== ABOUT THIS EXERCISE ==
Once the pictures are set aside, transcribe the remaining data exactly.

== SUPPLIED MATERIAL ==
++++

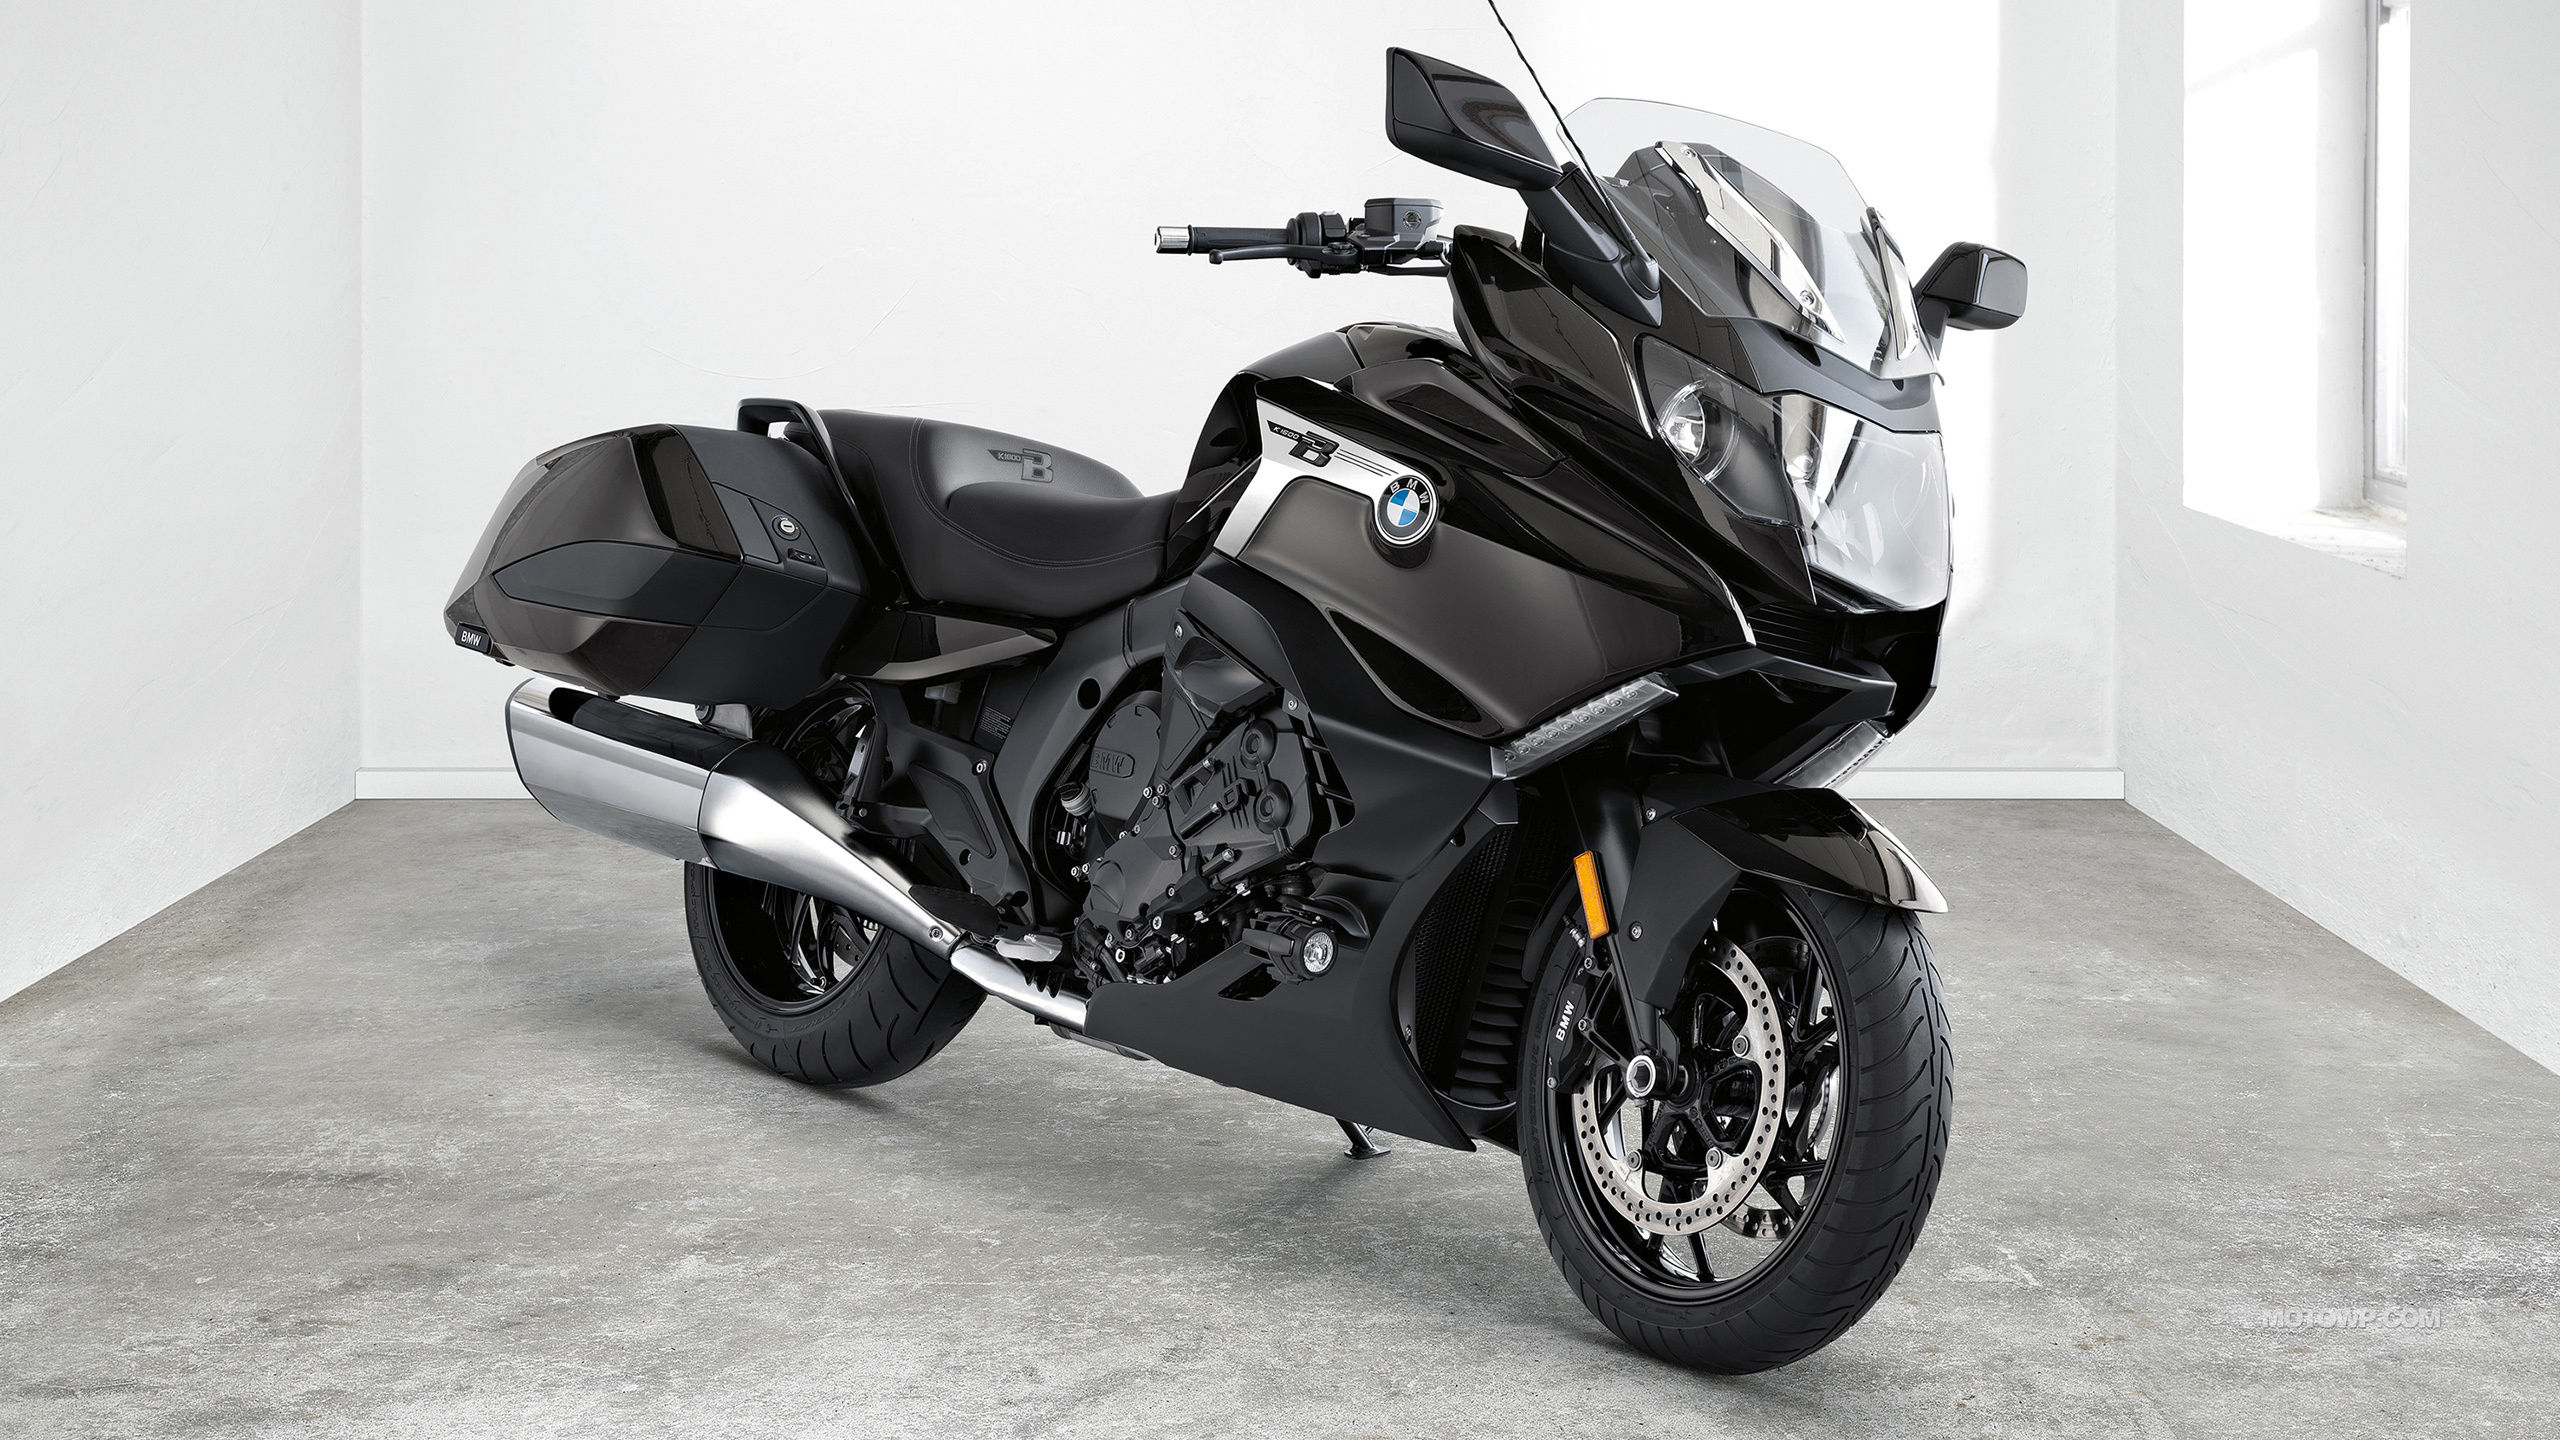 BMW K 1600 B, Motorcycle tourer, Classic design, Powerful performance, 2560x1440 HD Desktop
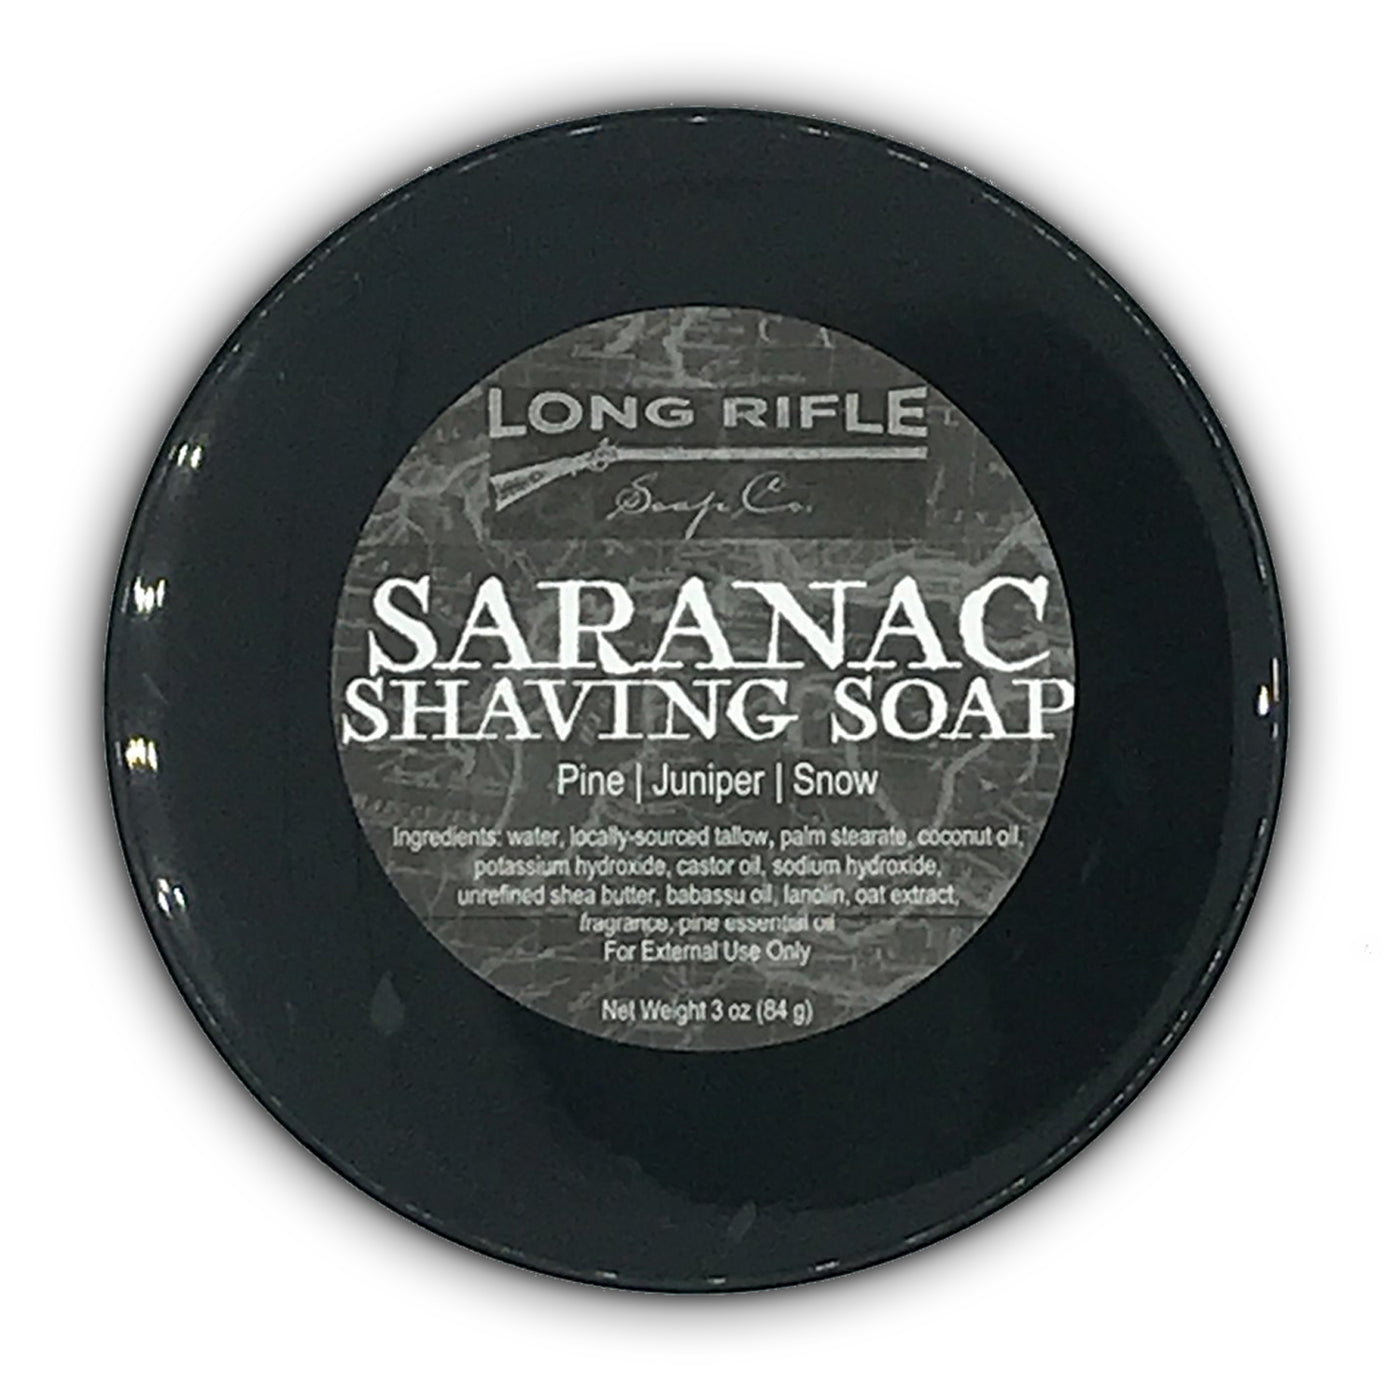  Saranac Shaving Soap by Long Rifle sold by Naked Armor Razors
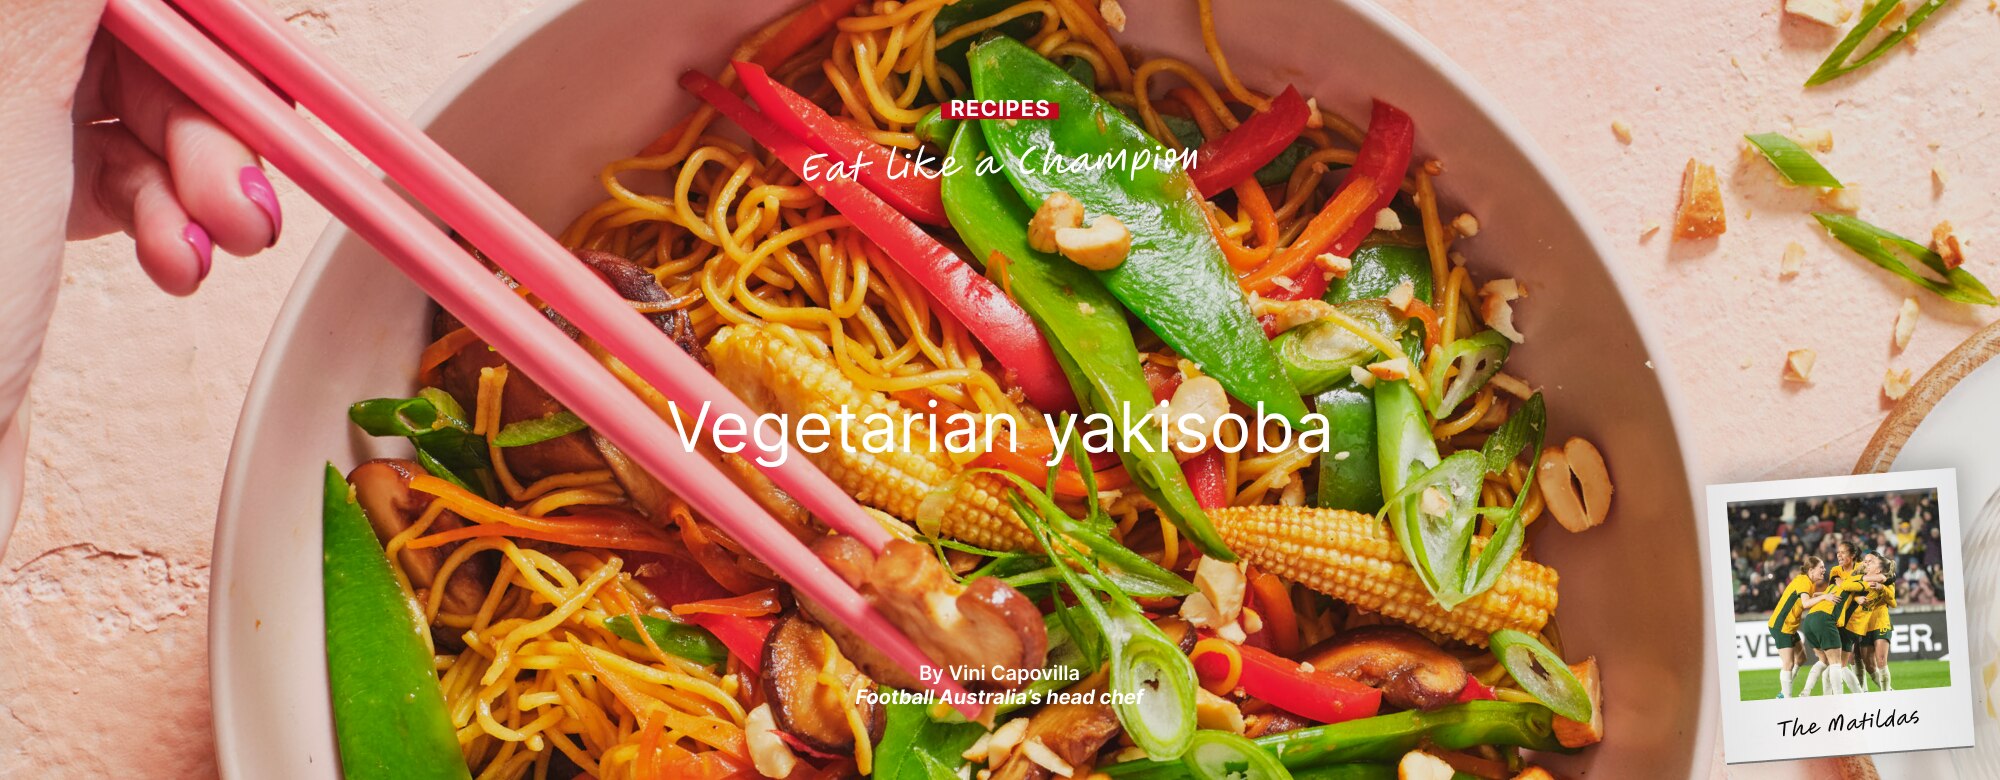 Vegetarian yakisoba

++++

== RESPONSE ==
 BMW K 1600 B, Motorcycle tourer, Classic design, Powerful performance, 2560x1440 HD Desktop
  Saranac Shaving Soap by Long Rifle sold by Naked Armor Razors
 Vegetarian yakisoba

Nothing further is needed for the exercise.